15 ans après la sortie de ce thriller inspiré de faits réels sordides, le vrai tueur était retrouvé
L'une des plus grandes affaires criminelles de Corée du Sud a inspiré l’excellent MEMORIES OF MURDER, disponible sur Ciné+ OCS (via CANAL+). Le véritable tueur en série a pu regarder son propre récit à l’écran pendant des années depuis sa cellule avant d’être démasqué.
MEMORIES OF MURDER, le polar sombre de Bong Joon-ho
Si pendant longtemps la référence absolue du film de traque de tueur en série a été SEVEN (1995), l’impact de MEMORIES OF MURDER (2003) sur l’histoire du cinéma est également important. Moins grand public, certes, que le long-métrage de David Fincher, cette production sud-coréenne n’en demeure pas moins l'une des propositions les plus brillantes du genre.
Réalisé par Bong Joon-ho (PARASITE), MEMORIES OF MURDER suit l’enquête de policiers dépassés par une affaire de meurtres en série au milieu des années 1980, dans une province rurale de Corée du Sud. Parmi les officiers impliqués, on retrouve le détective local Park Doo-man, obligé de faire équipe avec Seo Tae-yoon, un jeune inspecteur aux méthodes plus modernes venu de Séoul.
Malgré leurs divergences méthodologiques et idéologiques, les deux hommes vont devoir collaborer pour tenter d'identifier le coupable. Mais cette affaire va surtout mettre en lumière les manquements de la police et les failles d’une société coréenne (alors sous dictature militaire).

Une affaire sordide à l’origine
Si le film se termine sans identifier le responsable, c’est parce qu’il s’inspire d'une histoire vraie qui s’est déroulée dans la région de Hwaseong. Entre 1986 et 1991, un tueur s’est attaqué à au moins dix femmes, âgées de 13 à 71 ans, violées et assassinées. Pour tenter de mettre fin à cette série, les forces de l’ordre ont mobilisé un nombre impressionnant de plus de 300 000 agents au fil des ans, tandis que 3 000 suspects ont été interrogés.

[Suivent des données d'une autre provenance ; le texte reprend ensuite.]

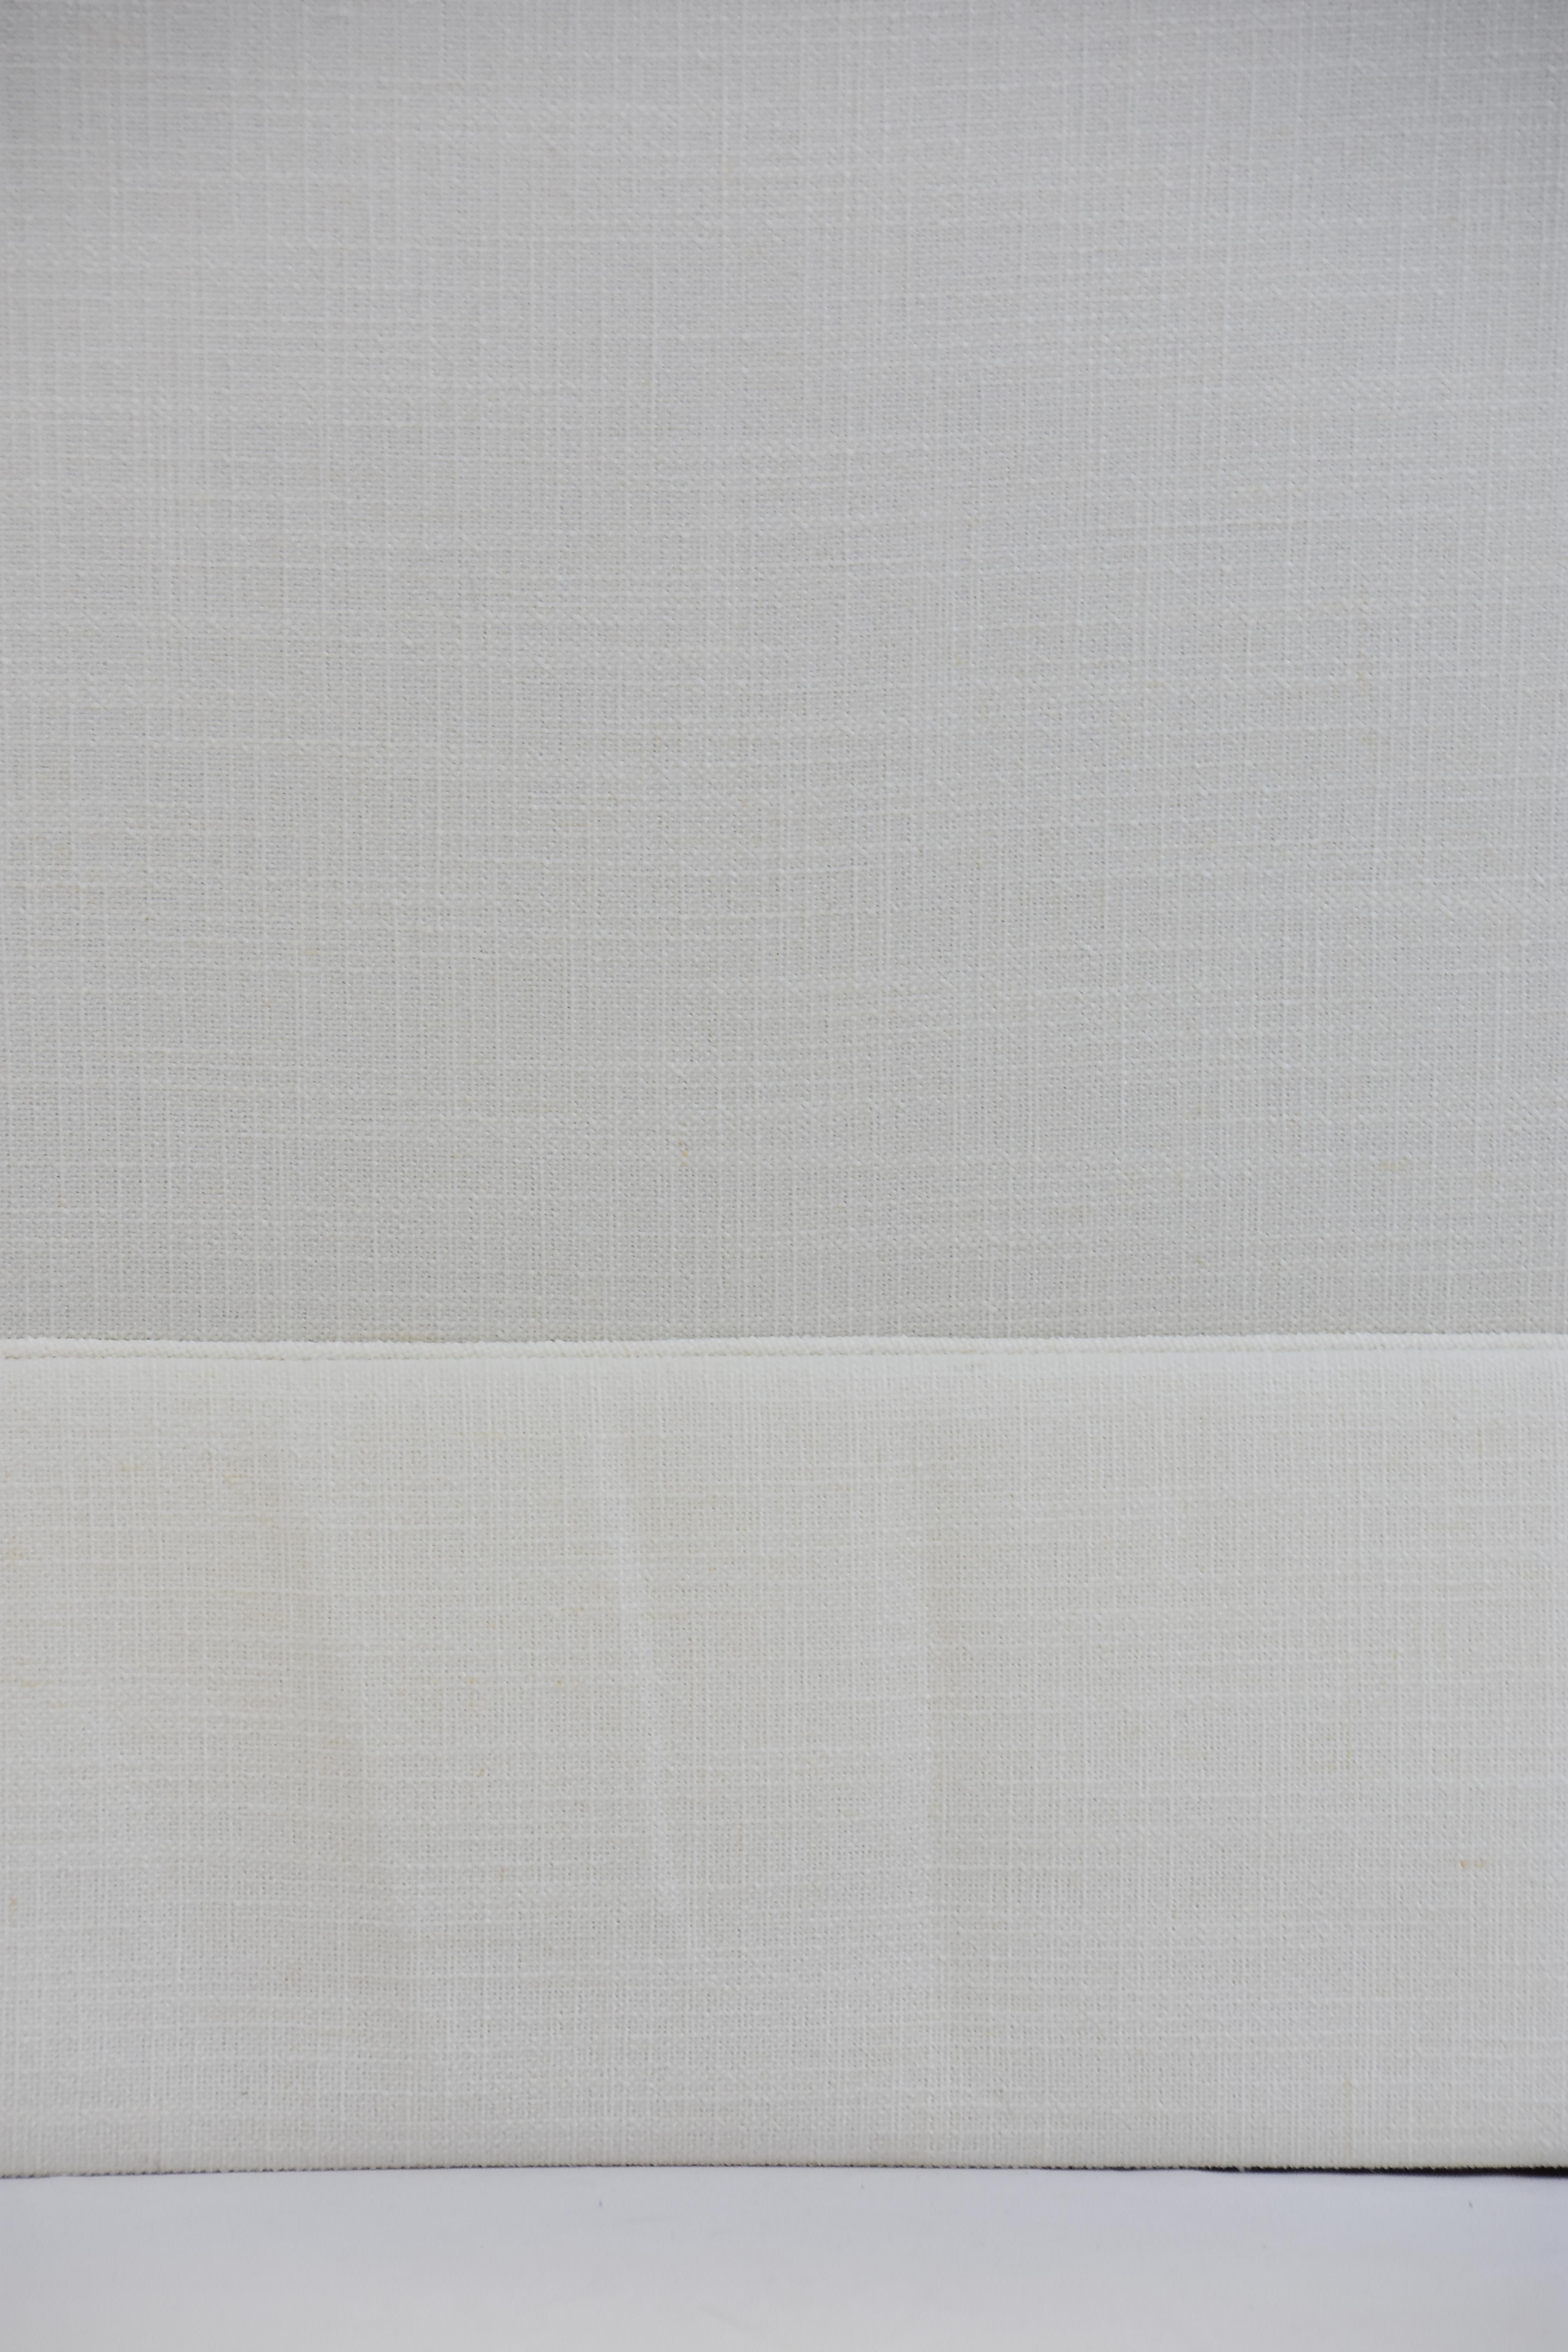 Le Jeune Upholstery Lucca Sofa Showroom Model in White Linen 6

Pour autant, la police sous pression a commis de graves dérives, allant jusqu'à condamner un innocent de 22 ans, Yoon Sung-yeo, qui avait avoué les crimes sous la torture. Malgré son incarcération, de nouveaux meurtres similaires ont continué de se produire. Il aura pourtant fallu attendre 2009 pour que cet homme soit libéré, et 2020 pour qu'un nouveau procès le blanchisse enfin, l'État lui versant une indemnisation de 3 millions de dollars.
Pendant des décennies, l’identité du véritable tueur est restée un mystère. L’affaire aurait pu tomber dans l’oubli, mais le retentissement de MEMORIES OF MURDER a permis de maintenir le dossier sous les projecteurs, d'autant que le délai de prescription sur ces crimes devait expirer en avril 2006. C'est finalement bien des années plus tard que le coupable a été identifié. Et le plus fou, c'est qu'il était déjà derrière les barreaux.

Le tueur était en prison
Incarcéré depuis 1994, Lee Choon-jae avait été condamné à la prison à perpétuité pour le viol et le meurtre de sa belle-sœur. Mais ce n’est qu’en septembre 2019 que les autorités coréennes ont pu le relier officiellement aux meurtres de Hwaseong. Les avancées technologiques en matière d'analyse génétique ont permis de faire matcher son ADN avec celui retrouvé sur les sous-vêtements de la neuvième victime.
Lors de ses aveux publics, Lee Choon-jae s’est dit le premier surpris de ne pas avoir été arrêté plus tôt. Selon ses dires, il n’essayait même pas de se cacher alors que la police enquêtait dans la région :
J'ai pensé que je me ferais prendre facilement. Il y avait des centaines de policiers. Je tombais constamment sur des détectives mais ils m'interrogeaient toujours sur les gens autour de moi.
Ces déclarations froides ont souligné l’incompétence de la police de l'époque. Face aux enquêteurs, Lee Choon-jae a finalement avoué être l'auteur de 14 meurtres au total et d'une trentaine de viols, affirmant vouloir parler pour « que les victimes et leurs familles trouvent un peu de réconfort dans la vérité ».
En raison du délai de prescription dépassé pour les faits de Hwaseong, il n’a pas pu être condamné judiciairement pour ces crimes spécifiques. Et étant déjà condamné à la prison à vie sans possibilité de libération conditionnelle, il en a profité pour avouer d’autres meurtres commis avant sa première incarcération.